Edificata presumibilmente durante il XVI secolo e dedicata alla Madonna delle Grazie, è sottoposta alla parrocchiale di San Lorenzo che si trova al centro del paese, viene segnalata anche dal Colucci nel suo "delle Antichià Picene".
Restaurata nel 2018 dopo essere stata danneggiata dal terremoto del 2016, è balzata agli onori delle cronache locali per la presunta sparizione di un affresco raffigurante un Santo vescovo conservato all'interno.
La chiesa viene ancora festeggiata dalla popolazione nella seconda parte del mese di agosto.
L'edificio di pianta rettangolare è realizzato in travertino locale, sono visibili vari rimaneggiamenti come le due basse finestre rettangolari sulla facciata, oggi murate e che permettevano di seguire le celebrazioni dall'esterno.

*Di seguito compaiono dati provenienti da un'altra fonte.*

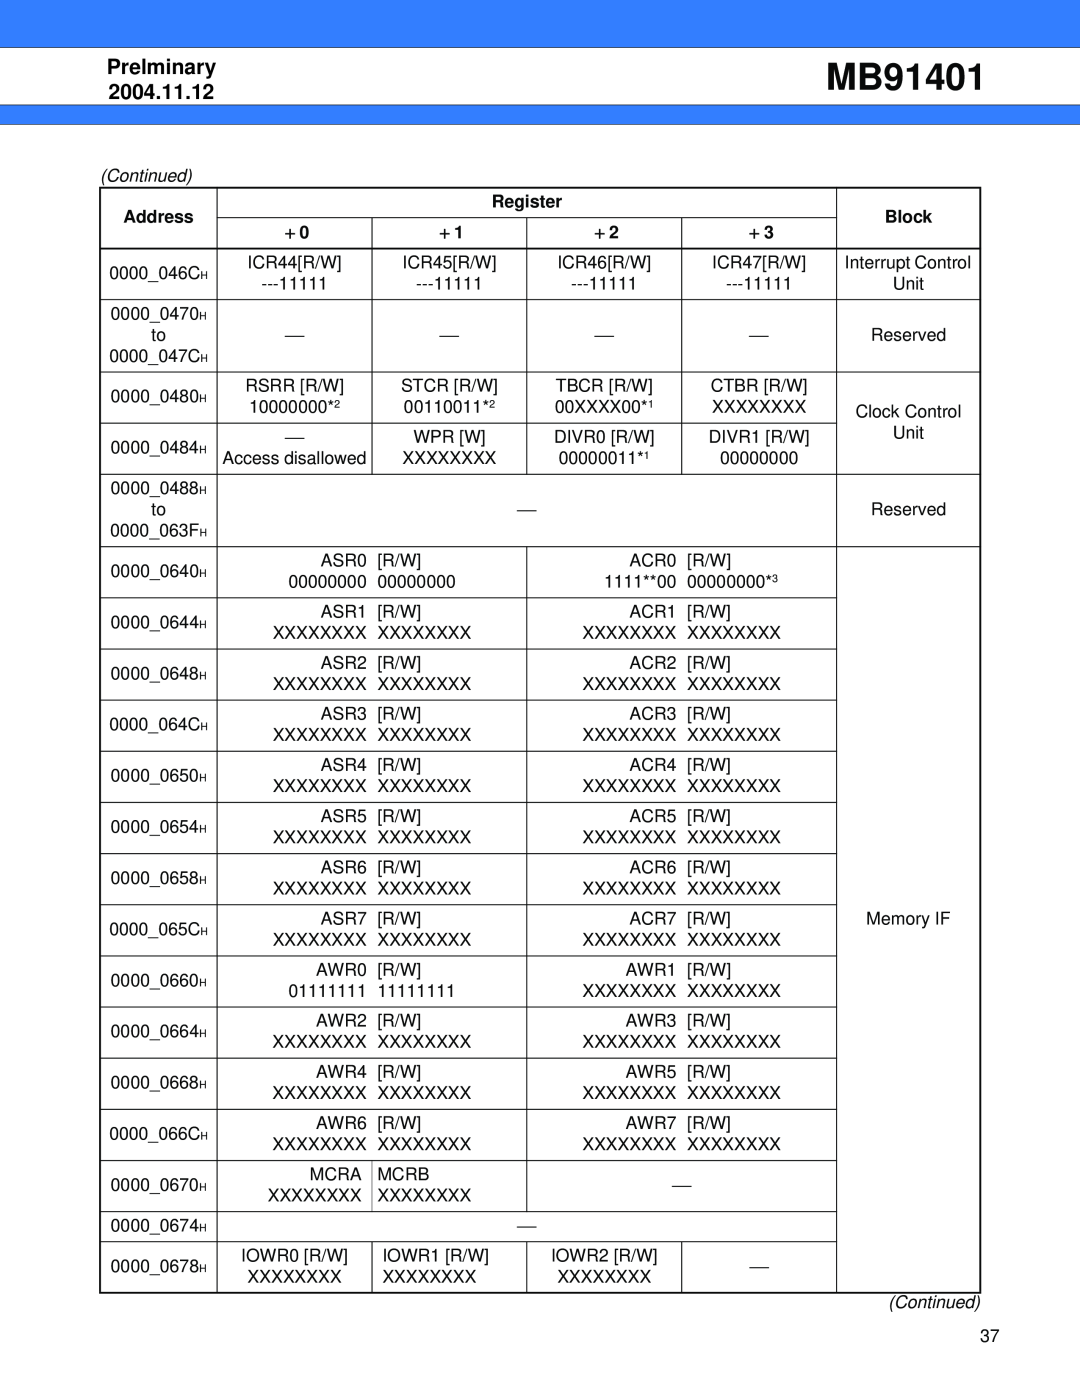 Fujitsu MB91401 manual Address, Register, Block, Prelminary, 2004.11.12

In mezzo ad esse si trova l'unico portale, raggiungibile da alcuni scalini ed affiancato da due panchine in pietra che favoriscono un po' di riposo all'ombra di due alberi piantati a ridosso della struttura, l'ingresso è incorniciato da pietre lavorate e sopra l'architrave, corre un'altra cornice di maggiori dimensioni.
Completa la facciata la grande finestra ad arco aperta in una successiva ristrutturazione, sopra di essa si alza il piccolo campanile a vela con l'alloggiamento per una campana, altri due coppie di finestre si aprono lungo i lati della navata.